Secondo l’ex deputato democratico, che è stato anche direttore esecutivo della Fondazione cubanoamericana (la principale organizzazione di esilio, guidata dal defunto Jorge Más Canosa) e che oggi sostiene il riavvicinamento a Cuba, questo è il momento di costruire ponti, non di erigere muri.

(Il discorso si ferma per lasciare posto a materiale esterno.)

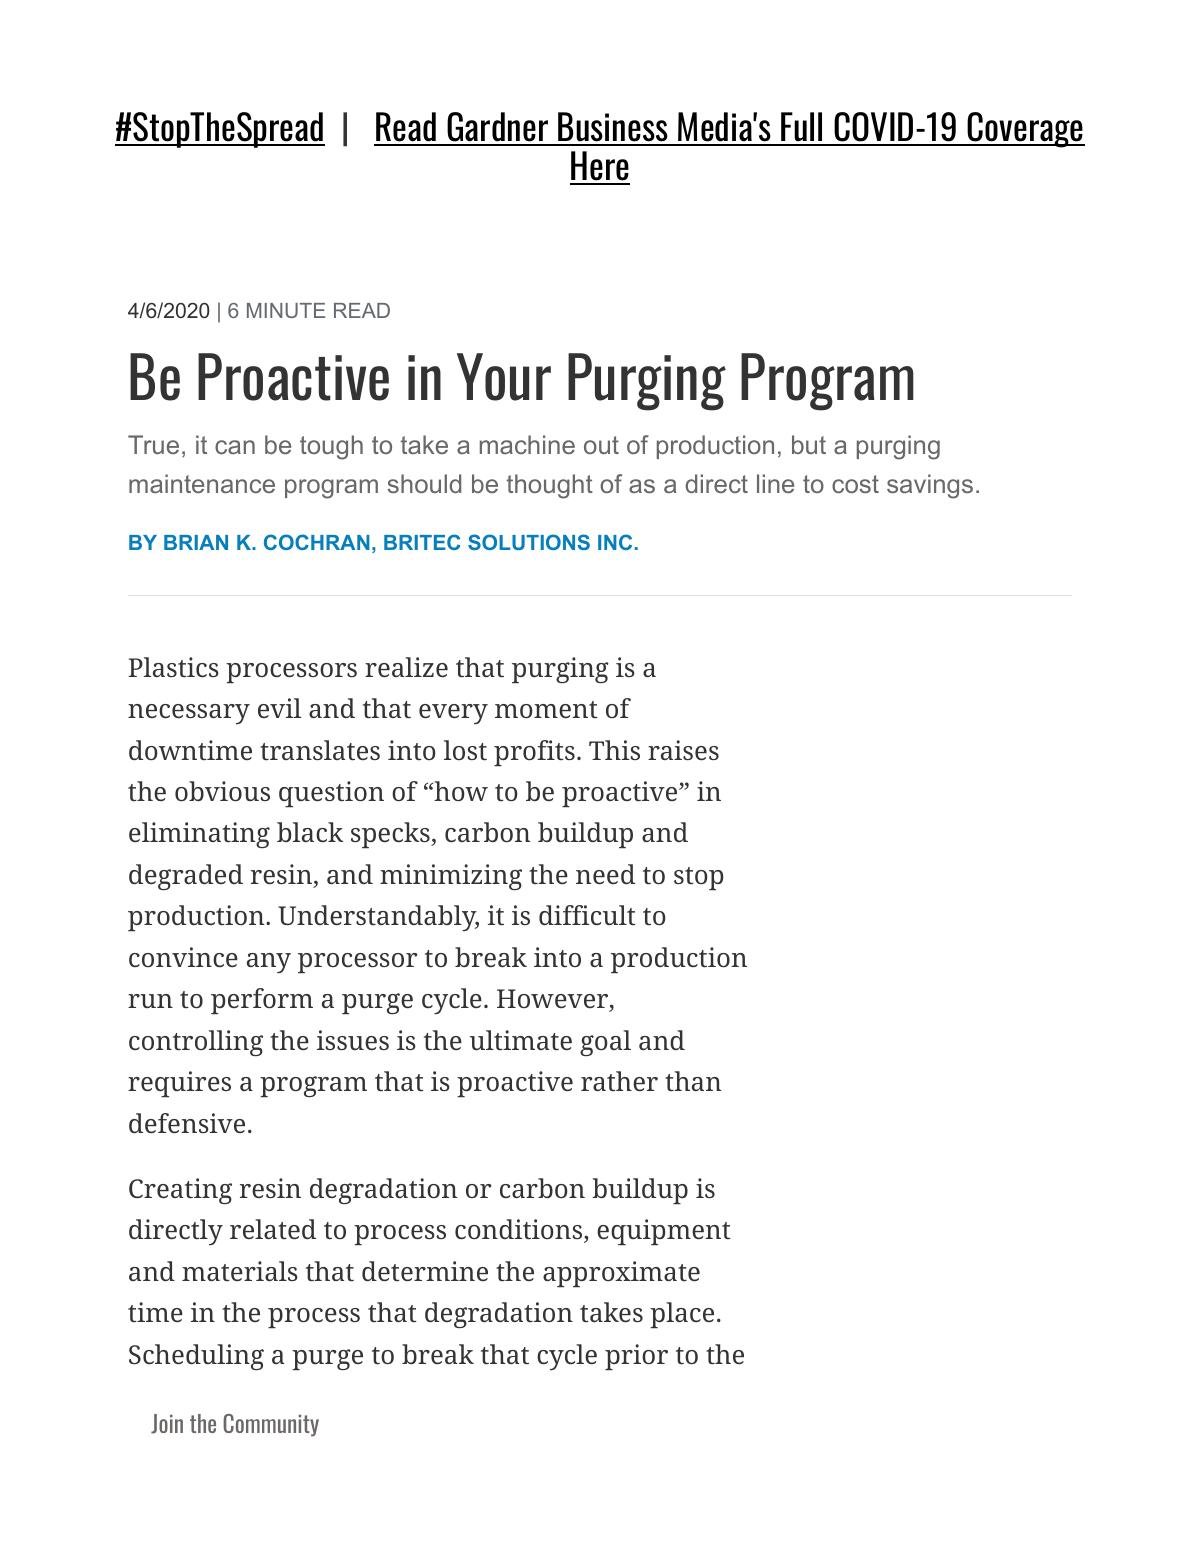 Be Proactive in Your Purging Program

Riguardo all’ultima sanzione contro la Banca Finanziaria Internazionale, ha detto che “è stata fatta con l’intenzione di danneggiare in un momento chiave, ma senza pensare alle conseguenze per entrambi i paesi e in particolare per il popolo cubano, che dice ne trae beneficio”. Secondo Garcia, che ha una profonda conoscenza della comunità cubano-americana negli Stati Uniti, la misura “sarebbe una politica risibile ed economica se non avesse conseguenze dirette per il popolo cubano e per i cubani della Florida del Sud, che sono quelli che dovranno cercare nuove strade e pagare di più per aiutare le loro famiglie”.

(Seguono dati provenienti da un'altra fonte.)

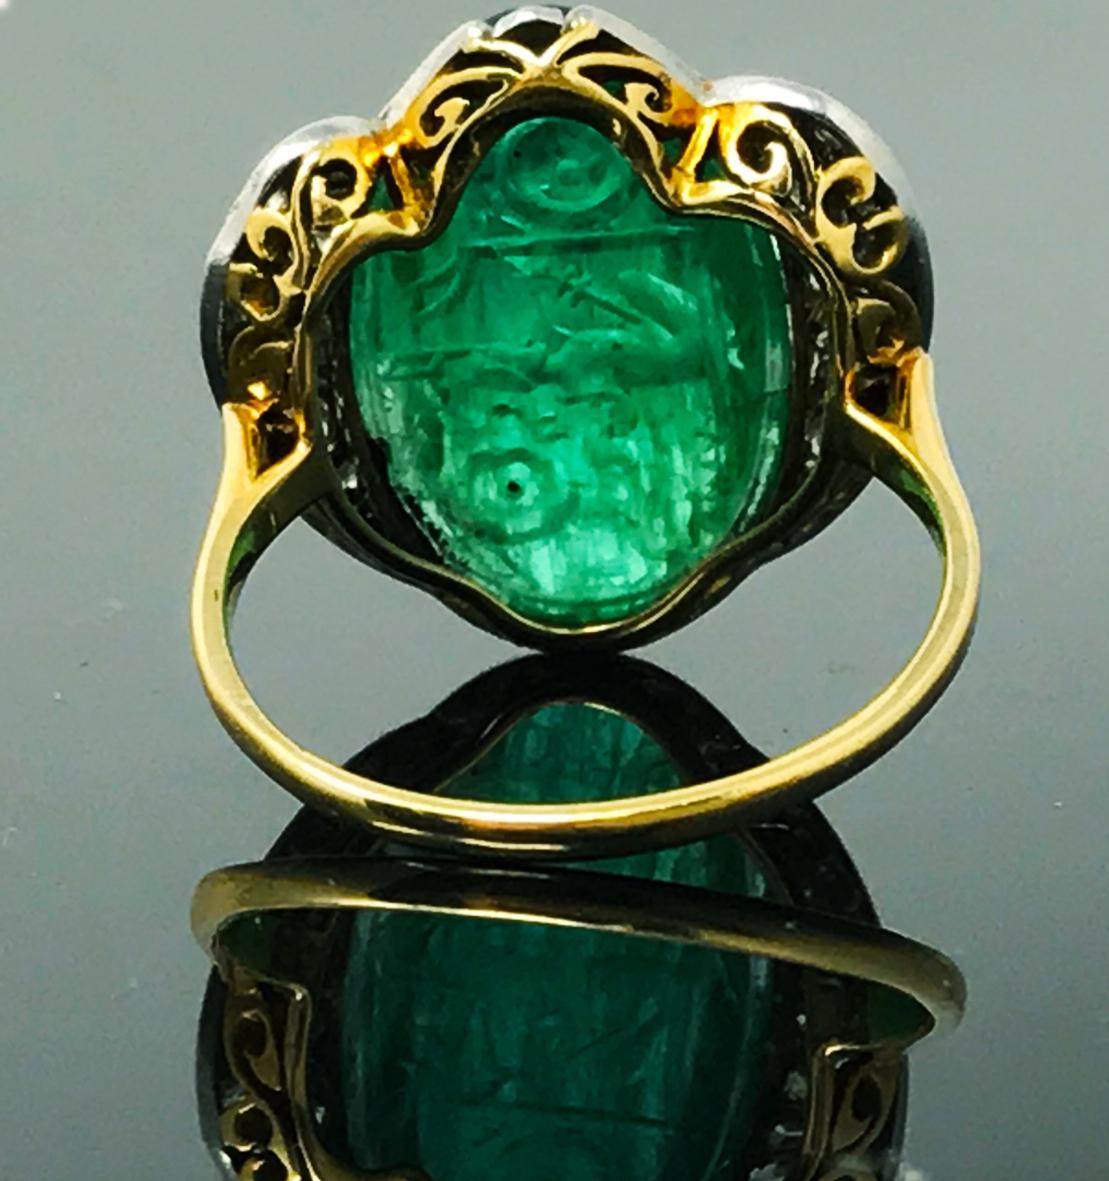 scarab ring meaning

Entrambe le misure – sebbene l’inclusione di Cuba nella lista dei Paesi che sponsorizzano il terrorismo non sia ufficiale – hanno generato non solo il rifiuto del governo, ma anche quello della diplomazia europea. “Nel bel mezzo di una pandemia, ogni sanzione è un oltraggio che mostra un livello di acrimonia e di odio che non può essere giustificato”, ha detto l’ambasciatore dell’Unione Europea a Cuba, Alberto Navarro. Come Joe Garcia, Navarro pensa che questi momenti siano “per costruire ponti, non per distruggerli”.